The standardized weights have placed all predictors on the same scale. By doing this, the relative overlap of each predictor with the criterion can be fairly compared and understood. For example, with this data, it is probably appropriate to say that attitude explains twice as much about college GPA than does ACT performance, because the standardized weight for attitude is .603, about twice as much as the standardized weight for ACT scores (.321).

Why It Works

Multiple linear regression does a better job in predicting outcomes than simple linear regression because multiple regression uses an additional bit of information to compute the exact weights for each predictor. Multiple regression knows the correlation of each predictor with the other predictors and uses that to create more accurate weights.

This bit of complexity is necessary because if the predictors are related to each other, they share some information. They aren't really independent sources of prediction if they correlate with each other. To make the regression equation as accurate as possible, statistical procedures remove the shared information from each predictor in the equation. This produces independent predictors that come at the criterion from different angles, producing the best prediction possible.

Imagine two predictor variables that correlate perfectly with each otherthat is, correlation equals 1.00. Using both variables in a regression equation would be no more accurate than using just one (doesn't matter which one) by itself.
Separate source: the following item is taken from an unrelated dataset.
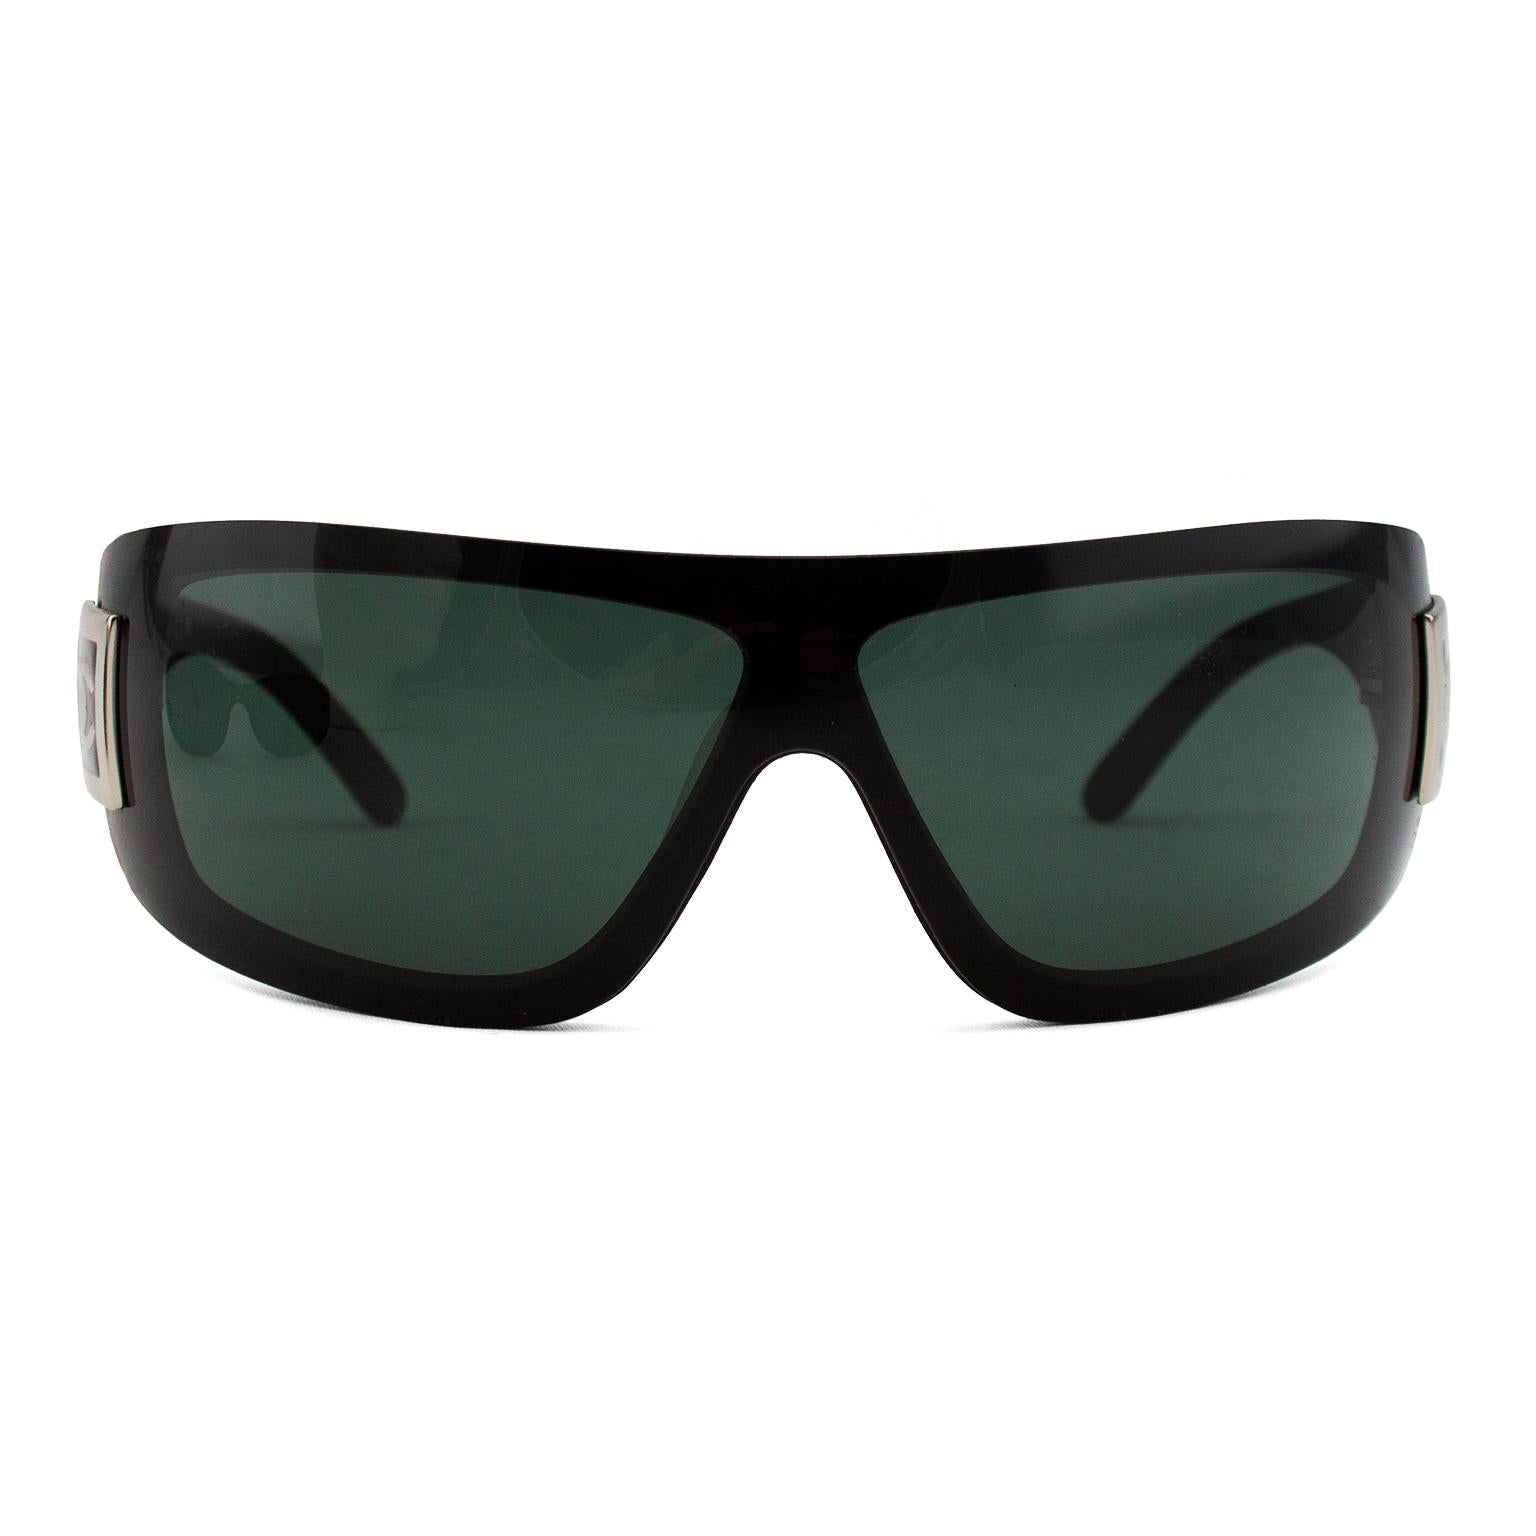 Chanel sunglasses from the early 2000's. Black resin wrap around style with contrasting silver CC logo in a silver square. Black/green lenses. Nose piece for comfort. Made in Italy. Sold without case. Style has been popularized by Sarah Jessica

By extension, any overlap between predictors (i.e., any correlation between predictors greater or less than 0.00) is redundant information.

Figure 2-3 illustrates the use of multiple sources of independent information to estimate a criterion score.

Figure 2-3. Multiple predictors in multiple regression

The correlation information used to determine the weight for each predictor in multiple regression is not the one-to-one correlation between a predictor and the criterion. Instead, it is the correlation between a predictor and the criterion when the overlap among all the predictors has been removed.

This process produces predictor variables that are somewhat different than the actual measure variables. By statistically removing (or controlling for) the shared information among predictors, the predictors are conceptually different than they were before. As Figure 2-3 shows, now they are independent predictors with a different "shape." The correlations between these altered variables and the criterion variable are used to produce the weights.

Correlations between predictor variables and a criterion variable when all the redundant shared information has been statistically removed from the predictors are called partial correlations. Partial correlations are the one-on-one correlations you would get between each predictor and the criterion if the predictor variables do not correlate with each other.

Where Else It Works

Multiple regression is used every day by real people in the real world for one of two reasons. First, multiple regression allows for the construction of a prediction equation, so people can use scores on a group of variables that they have in front of them to estimate a score on another variable that they cannot have in front of them (because it is either in the future or cannot be measured easily for some reason). This is how the tool of multiple regression is used to solve problems in the world of applied science.

Multiple regression also allows for examination of the independent contribution that a group of variables make to some other variable. It allows us to see where there is information overlap among variables and build theories to understand or explain that overlap. This is how the tool of multiple regression is used to solve problems in the world of basic science.